Key recommendations from the report are:
- We recommend that all ISPs and mobile network operators should be required not only to offer child-friendly content control filters, but also for those filters to be ‘on’ by default for all customers. Adult customers should be able to switch off such filters.
- Those responsible for providing filtering and blocking services need to be transparent about which sites they block and why, and be open to complaints from websites to review their decisions within an agreed timeframe. Filter systems should be designed to an agreed minimum standard.
- It is no longer sufficient to teach digital skills in specialist computer science classes. We recommend that digital literacy sit alongside reading, writing and mathematics as the fourth pillar of a child’s education.
- ComputerWeekly.com: Lords call on ISPs, government to do more to safeguard children online
- ISPReview.co.uk: Lords Comms Committee Calls for Default-On UK Internet Censorship
As we’ve commented before, we completely agree with the suggestion of improved education in schools regarding safely using the Internet.
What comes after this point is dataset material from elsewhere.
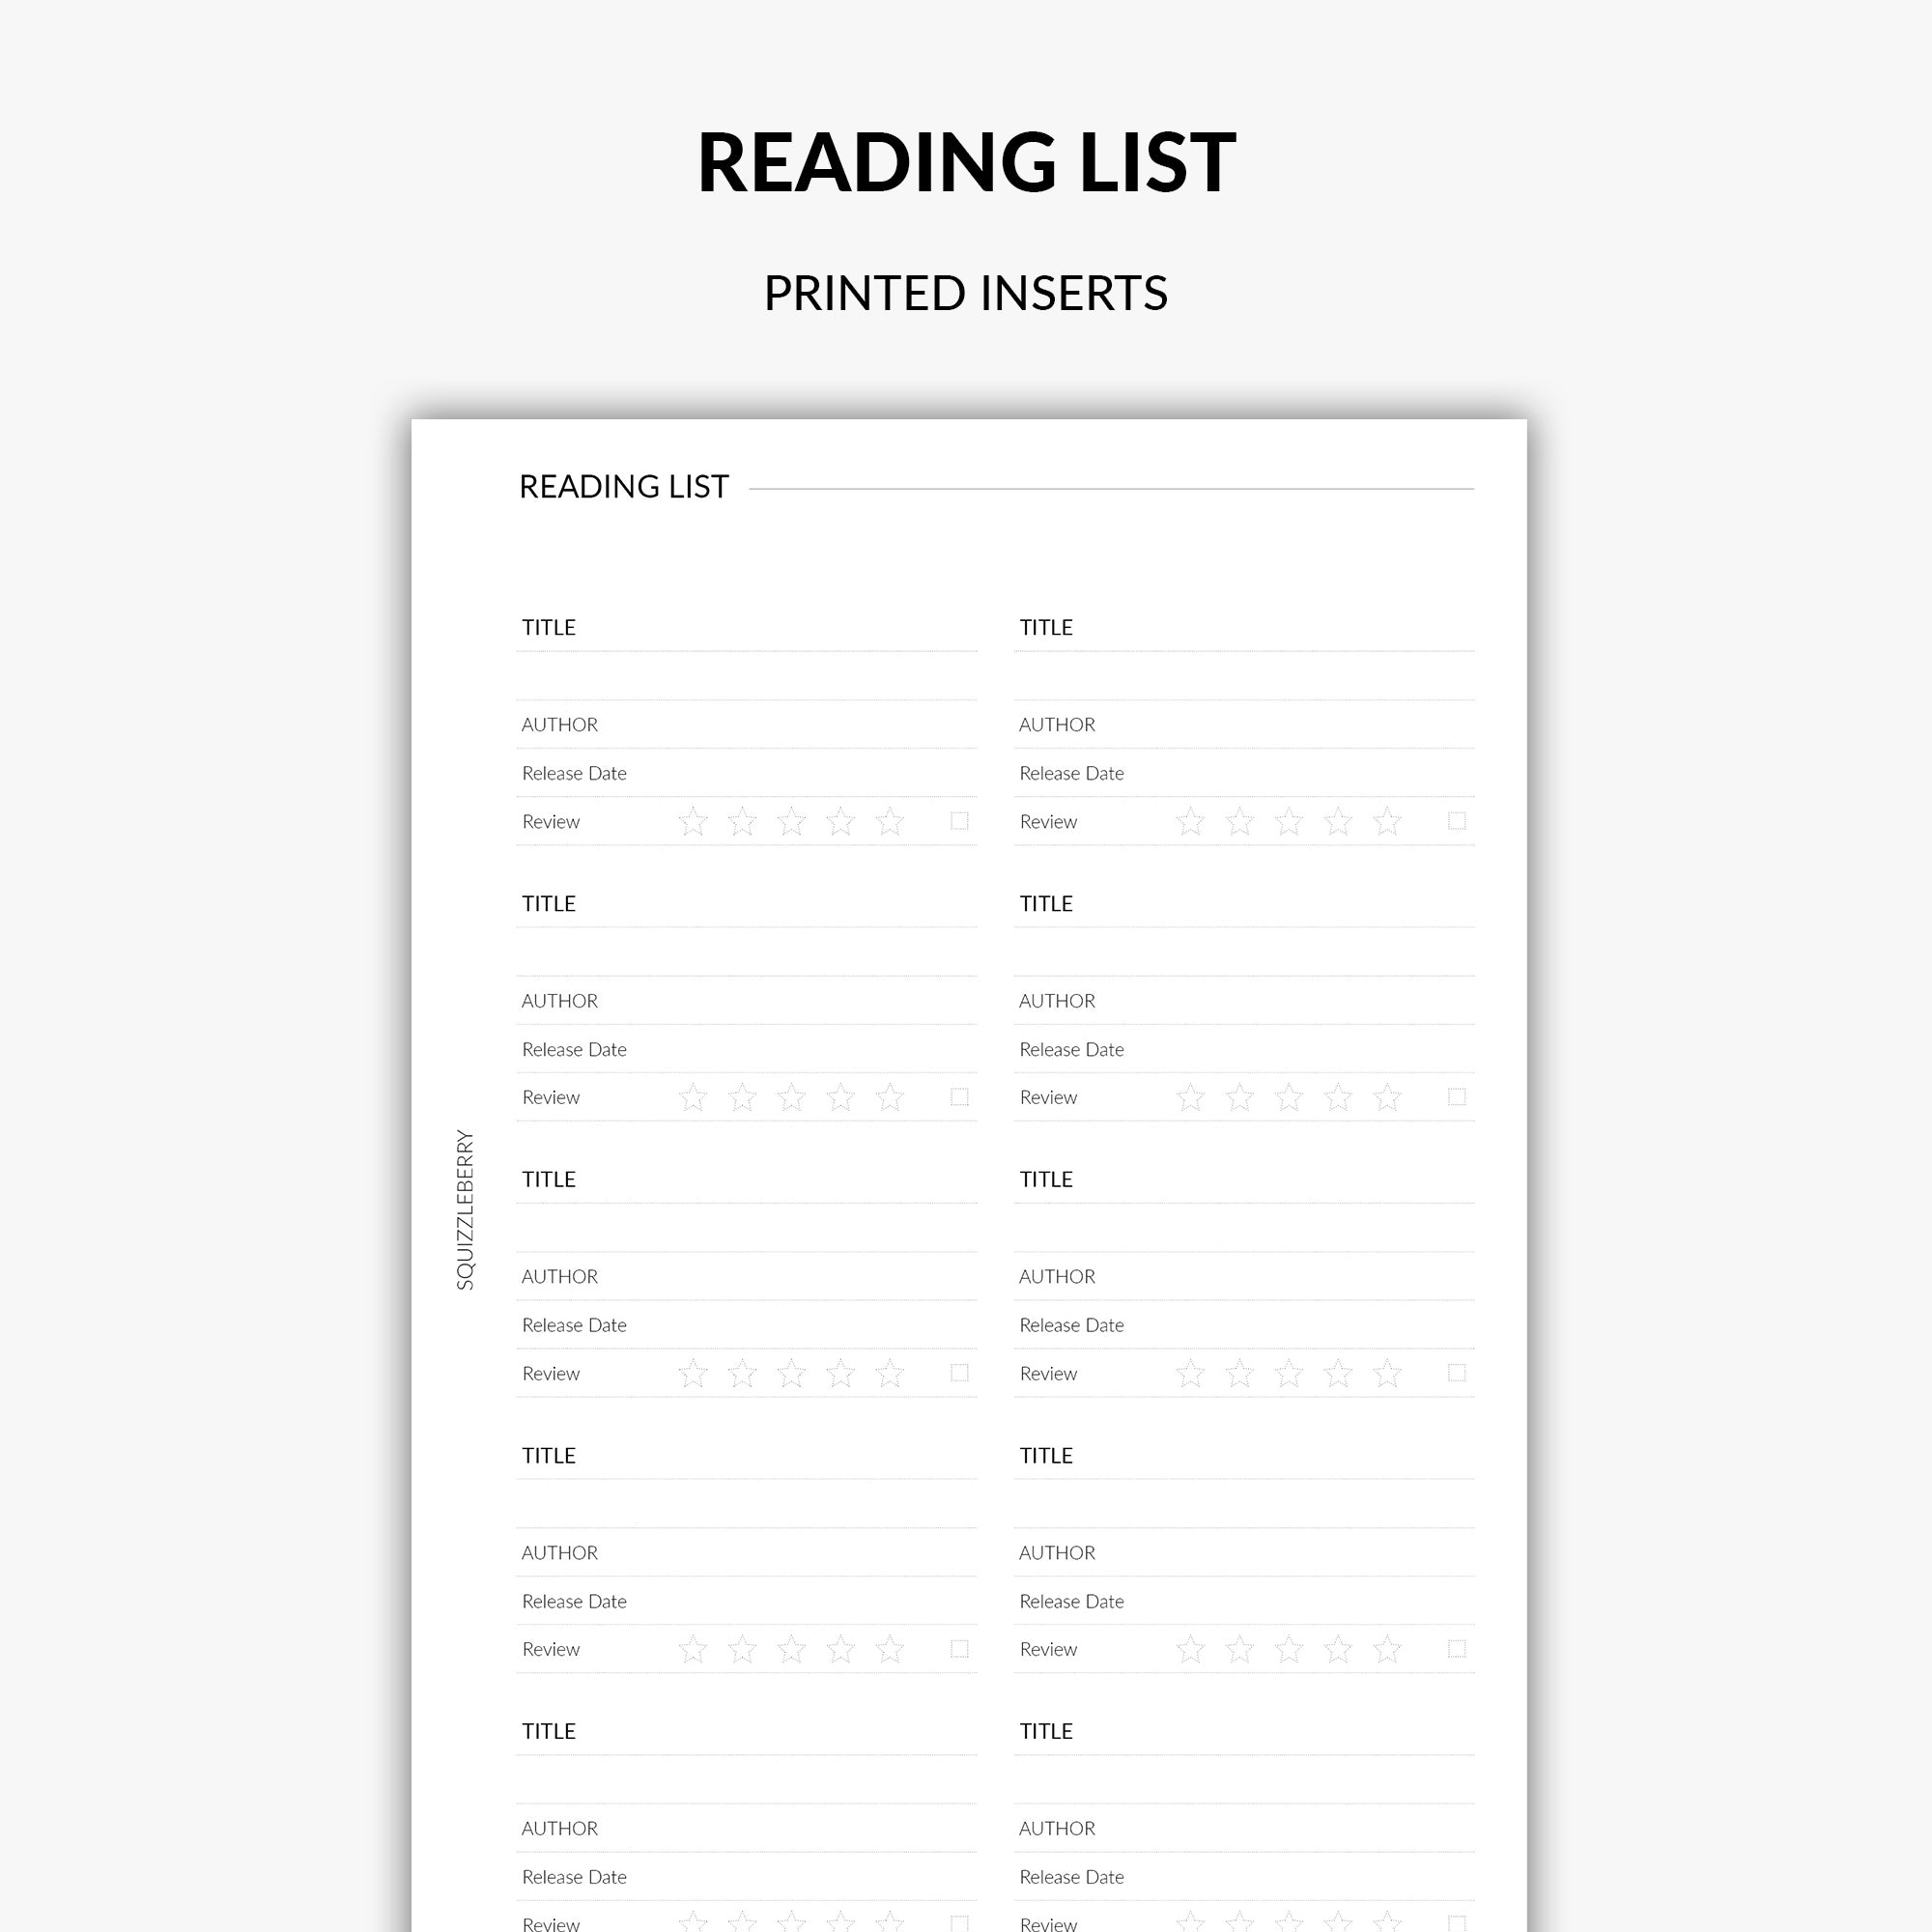 Reading List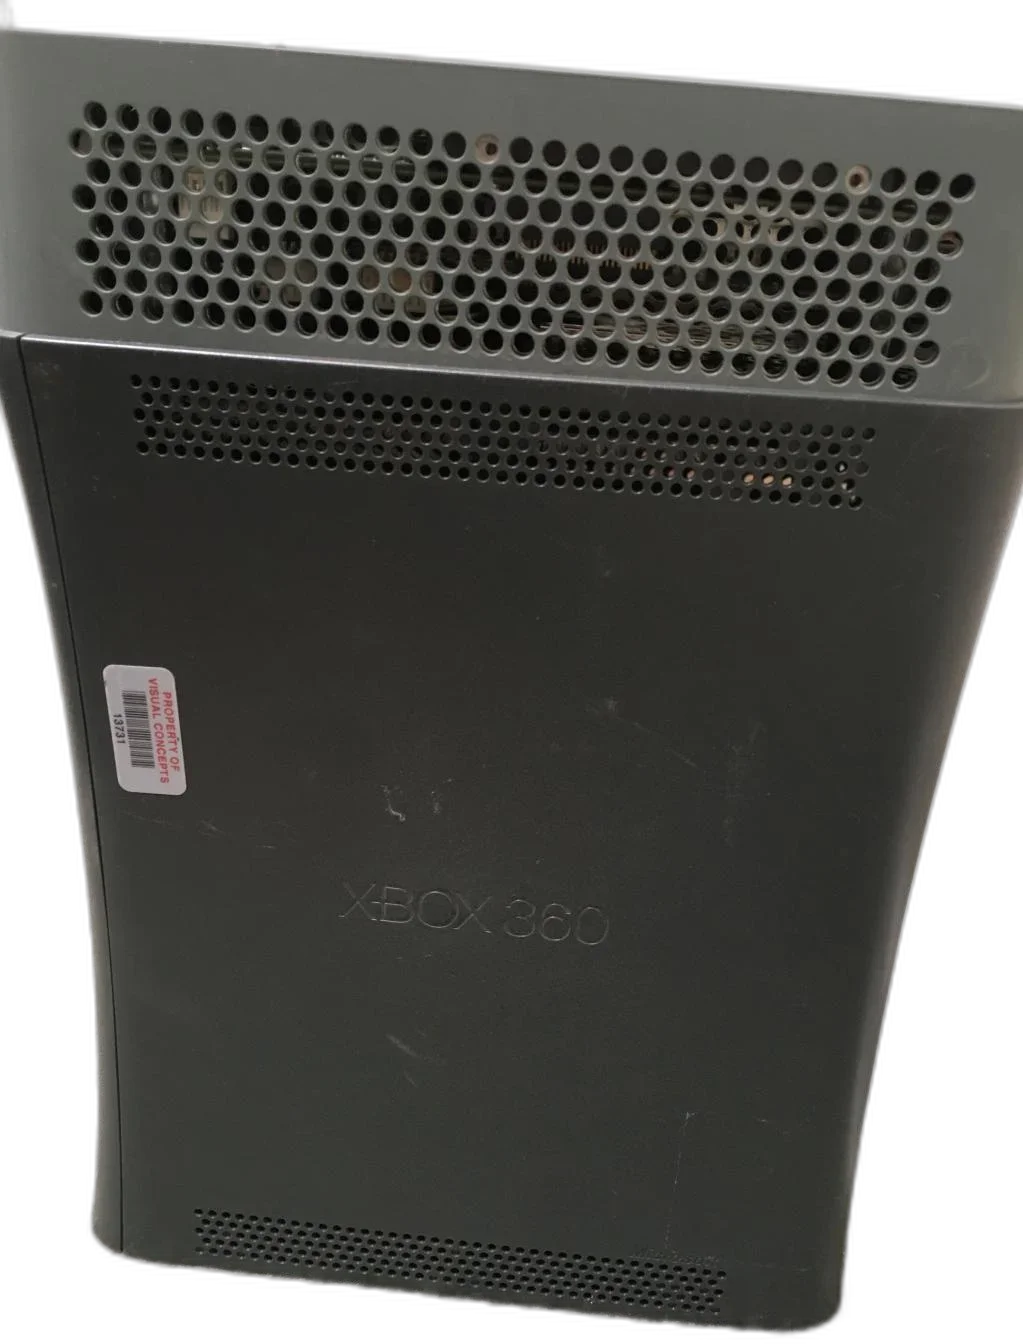  Microsoft Xbox 360 XeDK-1 Rev 009 Console

Alongside parental supervision this is truly key to protecting children online. Automatic protections such as filters and blocks should be a secondary protection – worthwhile and necessary, but far from foolproof and therefore only truly successful if used alongside education and supervision. We also believe parents (and even adults in general) could benefit a great deal from an education programme of their own on Internet safety and would urge the Government to consider doing more around this e.g. supervising and protecting children online, preventing fraud, setting up and using filters, etc.
However, we are concerned about the calls for ‘all’ ISPs to be required to provide such filters. This suggests even business focused ISPs would be required to implement these systems which can be costly, especially for smaller providers and seemingly unnecessary if they deal primarily with business users. We feel this needs further clarity.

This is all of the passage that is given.